The shift that matters

The core problem in AI-assisted software work is not “which model should we use?” That changes constantly. The real problem is: how do we turn human intent into reliable software without losing control, quality, and responsibility along the way?

Vibe coding showed that models can generate a lot of code from natural language. That is powerful for prototypes. But in an enterprise environment, delivery cost is not just writing code. It is aligning scope, preserving architecture, protecting data, validating behavior, reviewing changes, auditing decisions, and keeping the system healthy after deployment.

Two ideas need to work together:

  • SDD, or Spec-Driven Development: writing and evolving specifications that act as an contract.
  • Harness Design: designing the work system around the agent so it has context, tools, boundaries, validation, and governance.

Separately, these ideas help.
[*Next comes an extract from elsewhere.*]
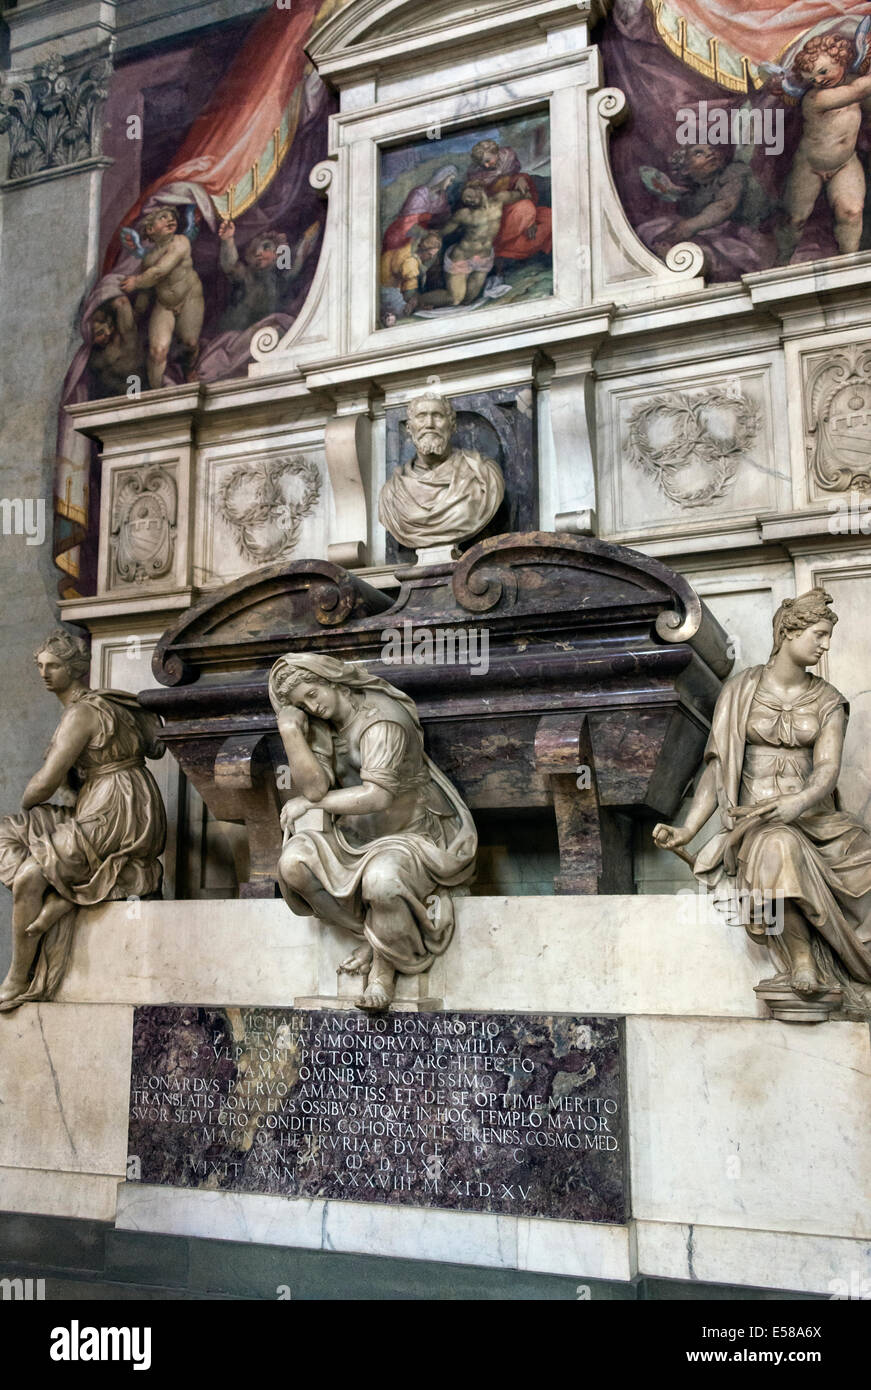 Michelangelo’s Crypt located in the church of Santa Croce Basilica, Florence, Italy Stock Photo

Together, they change the level of the workflow.

What SDD is

SDD means Spec-Driven Development.

In this context, a spec is a living, versioned, reviewable artifact that answers:

  • what problem we are solving;
  • who it matters to;
  • what is in and out of scope;
  • which behaviors must exist;
  • which technical, legal, or product constraints must be respected;
  • which criteria prove the work is correct;
  • which risks require human review.

The central shift is simple: the agent does not implement “the idea that was implicit in the chat.” It implements against a contract.

What Harness Design is

Harness Design is the design of the agent operating environment.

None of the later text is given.